The power of multi-modal data

At the heart of BIOSCAN-5M lies its multi-modal nature, which synergizes diverse data types to unlock unprecedented insights into insect biodiversity. Taxonomic labels, structured according to the Linnaean hierarchy (from phylum to species), provide a standardized classification system. A hybrid validation approach — combining AI tools with human expertise — ensures accuracy, particularly at deeper taxonomic levels such as genus and species. DNA barcodes and Barcode Index Numbers (BINs) complement these labels, facilitating rapid species-level identification and mapping evolutionary relationships. This offers a genetic blueprint for biodiversity research. Geographical context helps track species distribution patterns, revealing ecological hotspots and potential sampling biases. Additionally, specimen size metrics (such as pixel area and scale factors) serve as proxies for studying environmental impacts, like climate change on insect populations. High-resolution microscopic images capture intricate morphological details, which support visual identification and the development of robust deep learning models for image-based classification. The true strength of BIOSCAN-5M comes from integrating these modalities: multi-modal learning boosts classification accuracy by cross-referencing genetic, visual, and ecological data; supports real-world scenarios like handling incomplete labels or identifying novel species; and enables cross-modal queries, such as retrieving specimen images using DNA sequences.

Key features of the BIOSCAN-5M dataset

Images: 5.15M high-resolution microscope images (1024×768px) with cropped/resized versions.
Genetic Data: Raw DNA barcode sequences (COI gene) and BIN clusters.
Taxonomy: Labels for 7 taxonomic ranks (phylum, class, order, family, subfamily, genus, species).
Geographical Metadata: Collection country, province/state, latitude/longitude.
Size Metadata: Pixel count, area fraction, and scale factor for specimens.

Together, these features create a holistic toolkit for advancing biodiversity science, conservation, and AI-driven ecological monitoring.

Building a robust dataset

The thing about BIOSCAN-5M that stood out to me was its approach to data collection, processing, and curation. The dataset underwent a rigorous data cleaning pipeline to ensure the reliability of taxonomic labels. This involved identifying and resolving inconsistencies in the original data, such as typos and disagreements in taxonomic naming conventions. The labels were checked and cleaned to ensure consistency across DNA barcodes.

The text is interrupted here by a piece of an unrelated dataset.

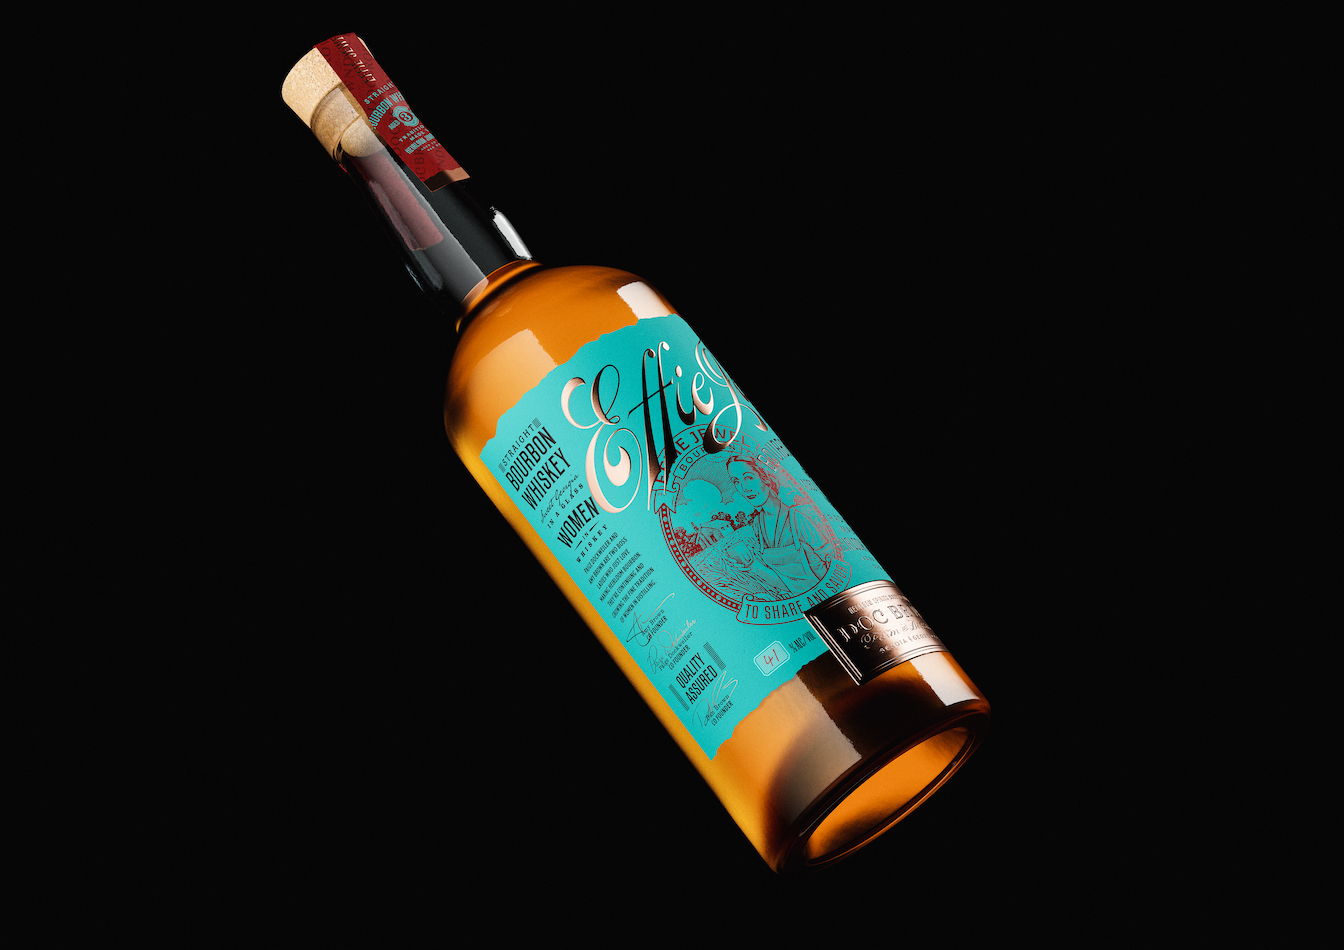 Effie Jewel Straight Bourbon Whiskey from Doc Brown Farm and distillers, bottle image

Conflict Resolution: Differences in annotations for the same barcode were investigated and resolved. The process included correcting stylistic differences, misspellings, and standardizing placeholder names.
Invalid Image Removal: Invalid images were removed during the dataset curation process.
High-Resolution Microscopy: Specimen images were captured using a Keyence VHX-7000 microscope at 1024×768 pixels.
Cropping: Images were cropped to focus on the region of interest containing the organism, eliminating unnecessary background. A DETR model was fine-tuned to improve the cropping tool. The bounding box of the cropped region is provided as part of the dataset release.
Resizing: Cropped images were resized to 341×256 pixels to facilitate model training and standardize the resolution across samples. Images were also resized to 256 pixels on their shorter side.
DNA Barcode Standardization: The genetic information is represented as raw nucleotide barcode sequences under the dna_barcode field. The dataset utilizes the COI gene sequence for species-level identification in Animalia.
BIN Clustering: DNA barcodes are grouped based on sequence similarity into clusters called Operational Taxonomic Units (OTUs), each assigned a Barcode Index Number (BIN).
Geographical Information: The dataset includes geographic location information detailing the country and province/state where each specimen was collected and latitude and longitude coordinates.
Specimen Size: The dataset provides specimen size information, including the number of pixels occupied by the organism, the area fraction, and the scale factor.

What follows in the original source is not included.